-- Provided entries follows --

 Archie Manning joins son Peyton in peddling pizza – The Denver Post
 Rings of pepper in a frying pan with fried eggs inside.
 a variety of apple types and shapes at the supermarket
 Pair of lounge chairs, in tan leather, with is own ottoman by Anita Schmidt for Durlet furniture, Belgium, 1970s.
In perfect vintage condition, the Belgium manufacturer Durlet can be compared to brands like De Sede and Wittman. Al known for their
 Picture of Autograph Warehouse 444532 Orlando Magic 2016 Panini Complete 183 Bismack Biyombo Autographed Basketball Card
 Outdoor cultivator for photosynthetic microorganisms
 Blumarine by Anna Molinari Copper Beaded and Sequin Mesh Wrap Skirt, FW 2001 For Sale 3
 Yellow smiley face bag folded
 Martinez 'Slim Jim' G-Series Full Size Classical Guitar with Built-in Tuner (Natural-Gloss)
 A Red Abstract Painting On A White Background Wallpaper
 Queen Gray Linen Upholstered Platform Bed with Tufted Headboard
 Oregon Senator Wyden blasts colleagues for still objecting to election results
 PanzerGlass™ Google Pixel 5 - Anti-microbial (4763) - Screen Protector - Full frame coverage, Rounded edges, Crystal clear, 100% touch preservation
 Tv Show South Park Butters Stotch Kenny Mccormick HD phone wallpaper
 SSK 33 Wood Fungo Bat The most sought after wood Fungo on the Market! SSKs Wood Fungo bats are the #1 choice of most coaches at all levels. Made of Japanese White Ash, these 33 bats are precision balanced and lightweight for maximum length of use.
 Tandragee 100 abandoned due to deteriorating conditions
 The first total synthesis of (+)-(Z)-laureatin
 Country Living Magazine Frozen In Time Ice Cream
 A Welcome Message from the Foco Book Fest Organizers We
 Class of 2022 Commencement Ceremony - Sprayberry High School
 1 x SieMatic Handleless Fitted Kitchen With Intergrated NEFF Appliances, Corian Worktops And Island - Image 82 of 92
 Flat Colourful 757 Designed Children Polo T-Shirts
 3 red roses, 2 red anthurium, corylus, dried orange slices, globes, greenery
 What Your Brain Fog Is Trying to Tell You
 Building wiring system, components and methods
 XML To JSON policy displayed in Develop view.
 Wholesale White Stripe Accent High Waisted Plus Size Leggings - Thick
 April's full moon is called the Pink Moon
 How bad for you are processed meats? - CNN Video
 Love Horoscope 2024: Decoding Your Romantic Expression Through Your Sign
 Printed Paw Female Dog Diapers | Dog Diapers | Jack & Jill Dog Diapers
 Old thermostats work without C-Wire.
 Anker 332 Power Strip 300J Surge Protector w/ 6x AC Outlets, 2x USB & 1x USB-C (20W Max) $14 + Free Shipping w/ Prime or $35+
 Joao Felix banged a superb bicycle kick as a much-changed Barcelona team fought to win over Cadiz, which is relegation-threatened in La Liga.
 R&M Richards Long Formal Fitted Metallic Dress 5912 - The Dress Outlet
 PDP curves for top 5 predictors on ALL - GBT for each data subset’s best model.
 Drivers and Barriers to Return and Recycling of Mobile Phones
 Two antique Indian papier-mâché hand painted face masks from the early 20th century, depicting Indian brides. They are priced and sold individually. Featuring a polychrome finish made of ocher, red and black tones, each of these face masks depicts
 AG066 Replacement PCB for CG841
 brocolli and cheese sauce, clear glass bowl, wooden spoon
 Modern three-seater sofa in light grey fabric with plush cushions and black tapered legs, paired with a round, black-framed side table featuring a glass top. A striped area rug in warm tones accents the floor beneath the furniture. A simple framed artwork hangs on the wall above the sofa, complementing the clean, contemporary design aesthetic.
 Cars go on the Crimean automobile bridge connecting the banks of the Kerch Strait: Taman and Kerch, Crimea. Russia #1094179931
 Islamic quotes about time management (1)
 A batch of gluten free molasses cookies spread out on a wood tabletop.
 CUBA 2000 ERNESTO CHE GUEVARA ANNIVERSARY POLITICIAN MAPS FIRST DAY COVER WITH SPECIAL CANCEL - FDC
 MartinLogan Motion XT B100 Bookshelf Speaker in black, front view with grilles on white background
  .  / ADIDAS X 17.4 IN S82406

-- Provided entries concluded --

* _What you need to do_: Count up the lines of the listing where "Protector" occurs, and answer with that number only.

* _Answer to this problem_: 2